Go through the listing and set it down exactly, leaving out its pictures.

BEGIN Information provided

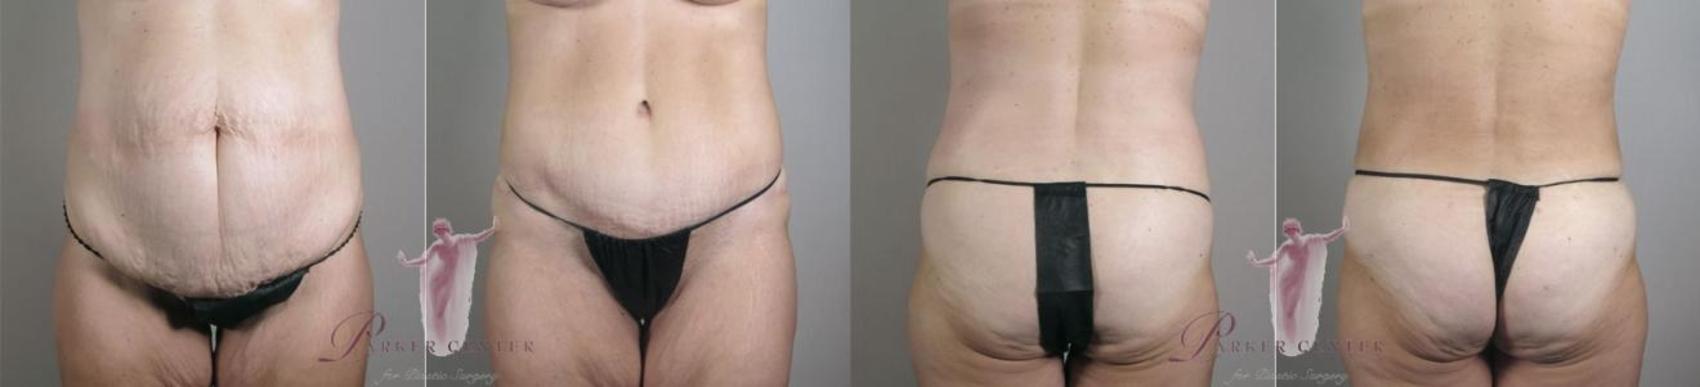 Liposuction Case 1151 Before & After Front | Paramus, NJ | Parker Center for Plastic Surgery
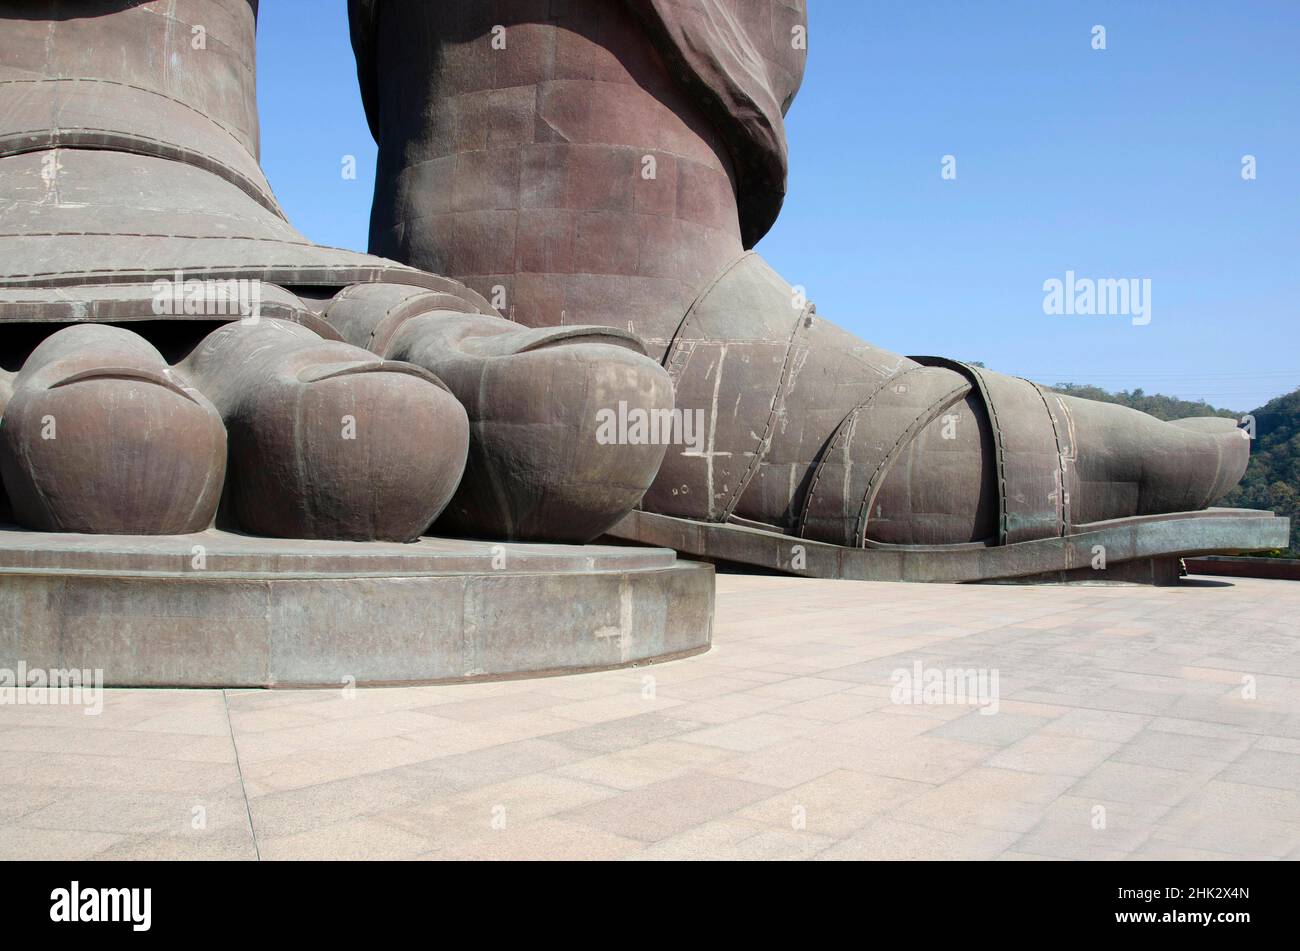 Primer plano del pie de la Estatua de Unidad de Vallabhbhai Patel. La estatua más alta del mundo a 182 metros (597 pies) de altura. Colonia Kevadiya, Gujarat, India Foto de stock
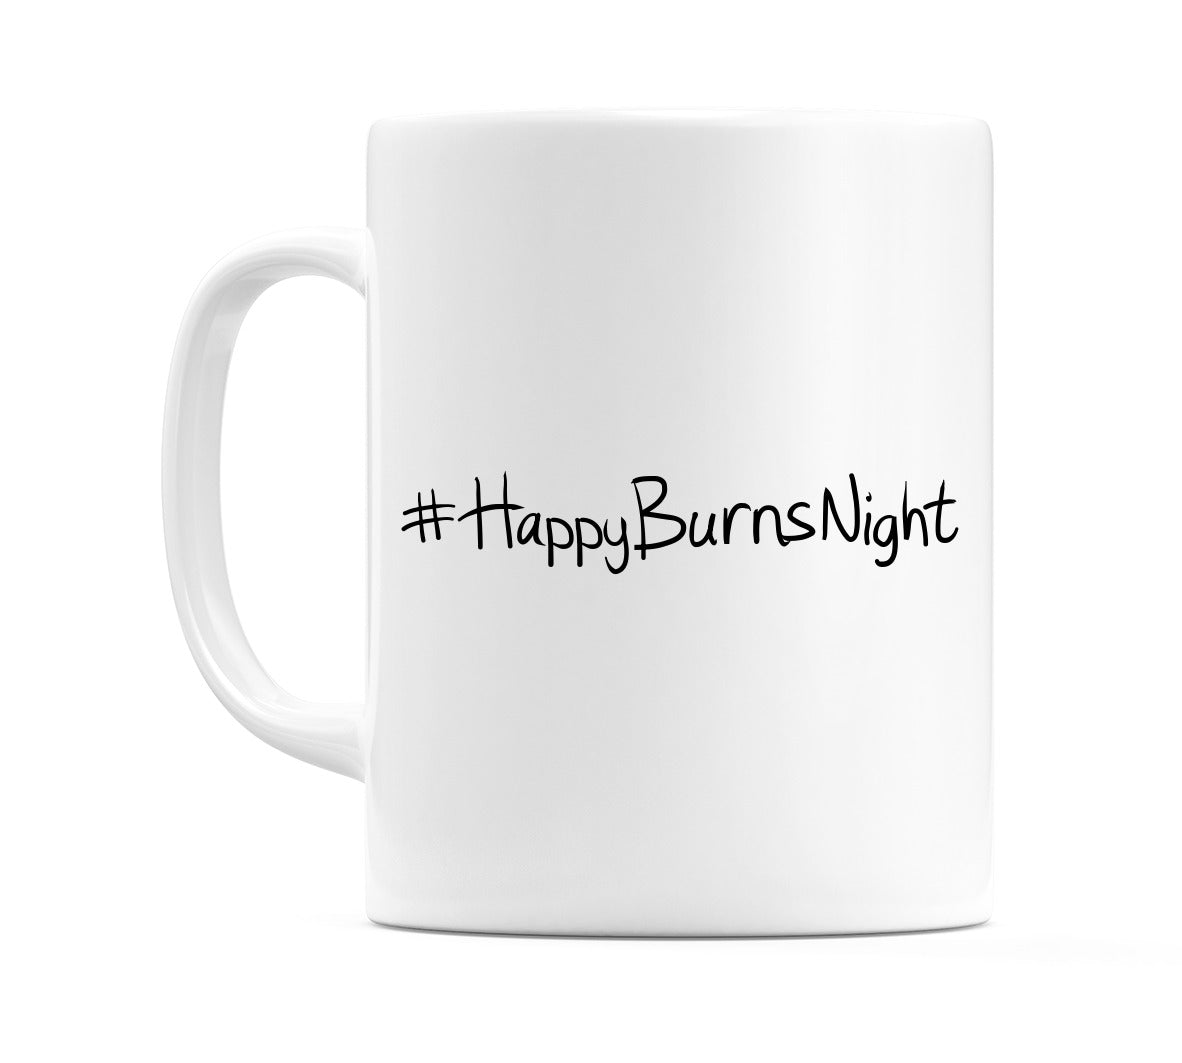 #HappyBurnsNight Mug

END Information provided

**Answer to this task**
 Liposuction Case 1151 Before & After Front | Paramus, NJ | Parker Center for Plastic Surgery
 Primer plano del pie de la Estatua de Unidad de Vallabhbhai Patel. La estatua más alta del mundo a 182 metros (597 pies) de altura. Colonia Kevadiya, Gujarat, India Foto de stock
 #HappyBurnsNight Mug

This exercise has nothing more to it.